Popular pro-Kremlin television presenter Vladimir Solovyev, whose Rossiya 1 shows are watched by millions of Russians, launched into an aggressive, expletive-ridden criticism of the central bank late last week.

“…every other country is laughing at us, at our rouble being one of the three weakest currencies, thanks to the ‘genius’ policy of the central bank,” he said.

The population is feeling the pinch, too, according to Russians Reuters spoke to in Moscow on Monday.

“Of course, rising prices affect us, regular citizens, a lot,” said Ivan, a Moscow resident. “Because our salaries aren’t growing, and it takes a bite out of (what’s in) our wallets.”

‘DAMNING INDICTMENT’

The rouble has had a turbulent course since Russia invaded Ukraine, slumping to a record low of 120 against the dollar in March last year before recovering to a more than seven-year high a few months later, supported by capital controls and surging export revenues.
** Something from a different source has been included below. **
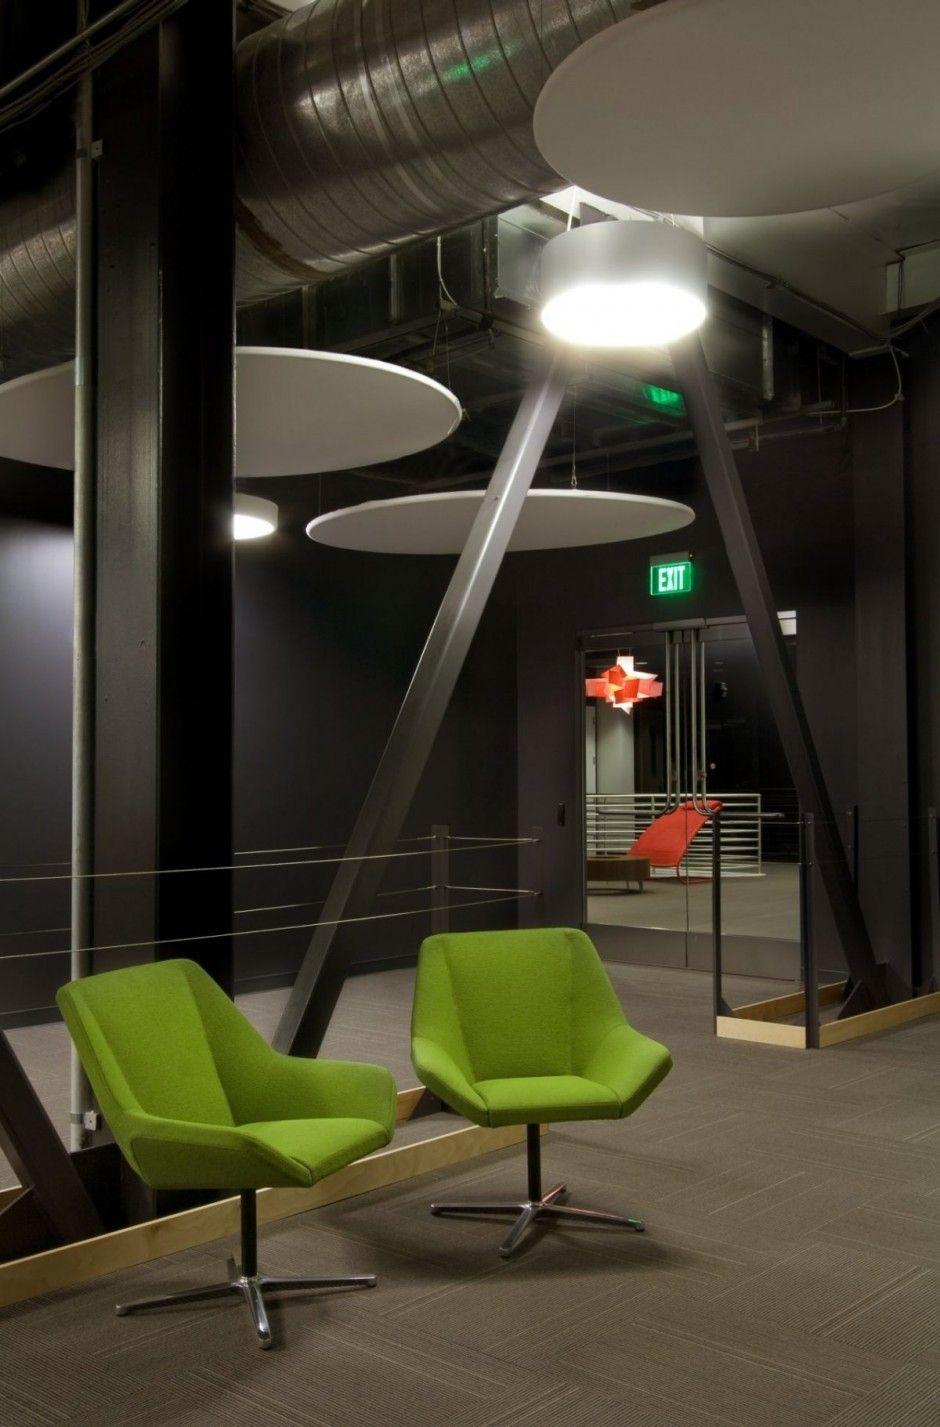 Skype S North American Headquarters By Blitz Pinterest # Muebles Dico Power Center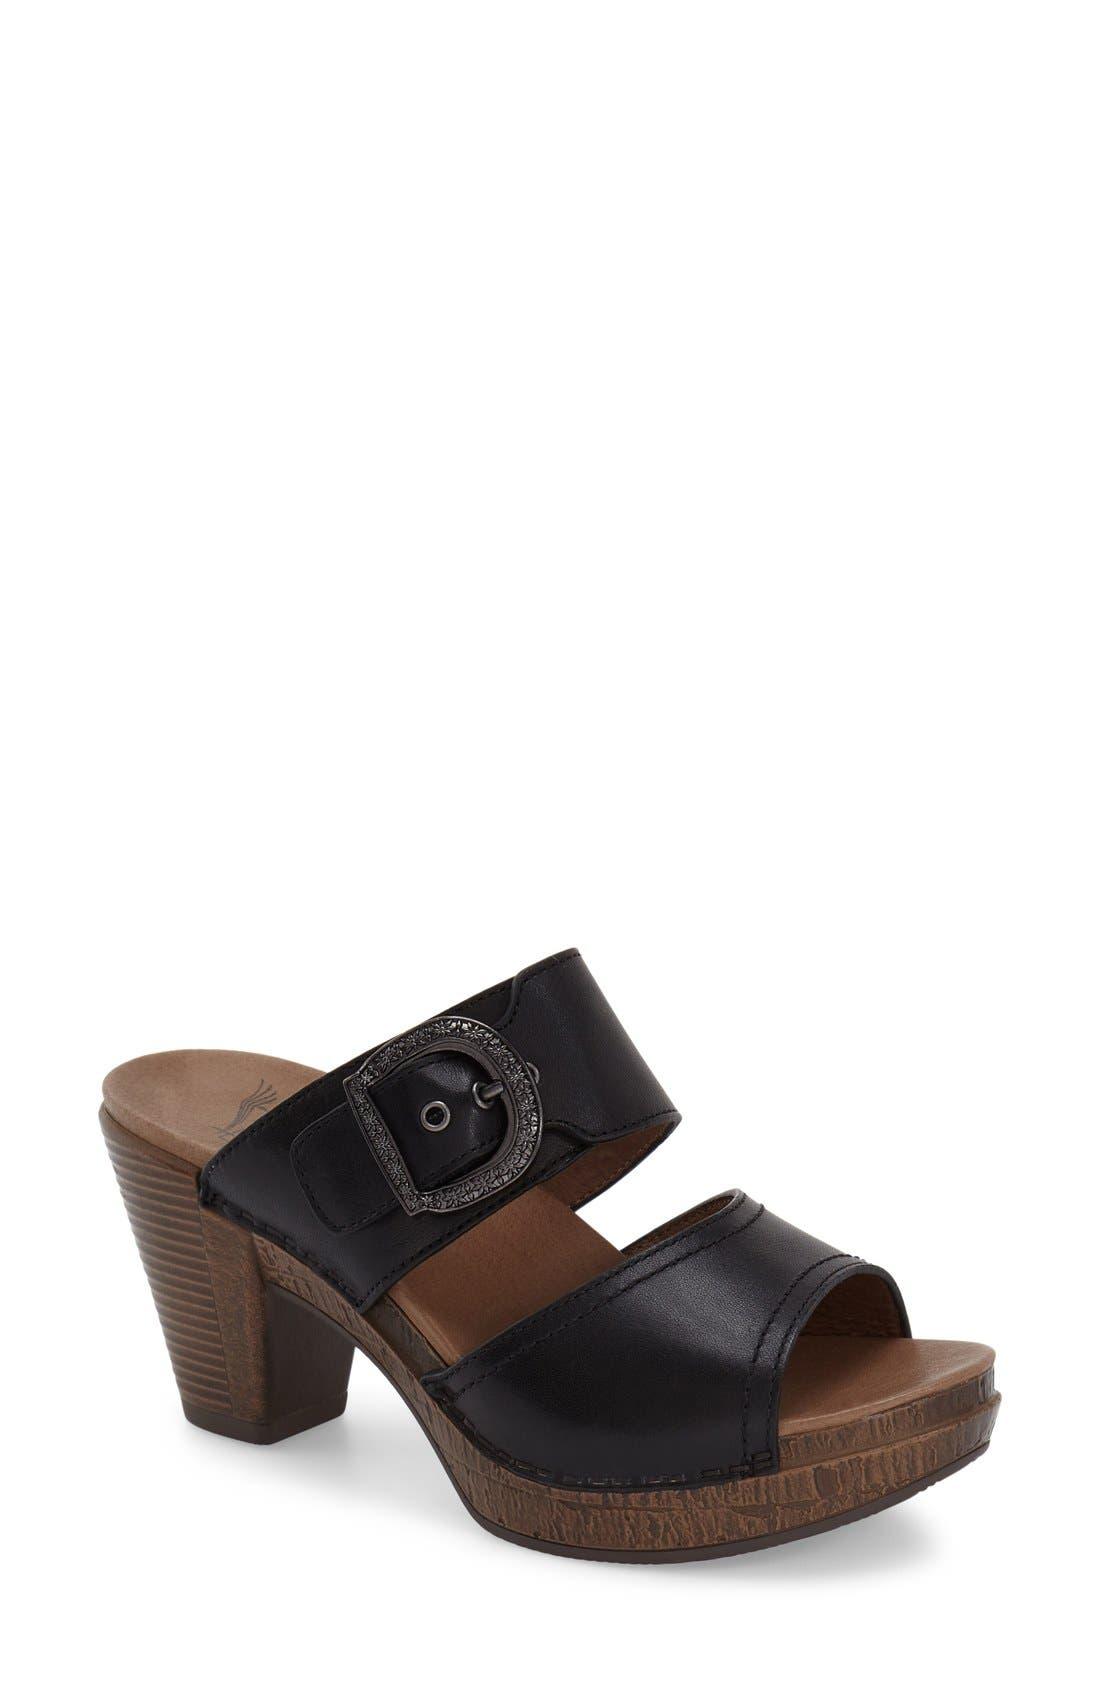 'Ramona' Sandal,                         Main,                         color, Black Leather

In the year leading up to the war, the rouble traded at around 74 to the dollar on average, with its movement dictated by factors like prices for oil, Russia’s major export, and susceptible to sharp geopolitics-induced swings.

“The weaker rouble is a damning indictment of Russia’s war on Ukraine,” Timothy Ash, a London-based senior sovereign strategist at BlueBay Asset Management, said in an email.

“It is being driven not only by lower energy receipts due to the loss of the bulk of the European gas business but also by the success of the G7 oil price cap, the much higher cost of imports due to sanctions and then continued capital flight.”

Last week, Russia effectively abandoned its budget rule, with the central bank halting the finance ministry’s FX purchases to try to reduce volatility. Analysts widely agreed that those measures alone were too minimal in scope to significantly support the currency.

“The central bank is not fully in control,” independent Moscow-based economist Ian Melkumov told Reuters.

He said the bank could hike rates drastically, as it did to 20% shortly after Russia began what it calls a “special military operation” in Ukraine. A move to even 15% would stop the rouble’s decline, he said, but it would come at a price.

“The central bank doesn’t want to kill the economy and businesses in the same way it had to last year,” he said.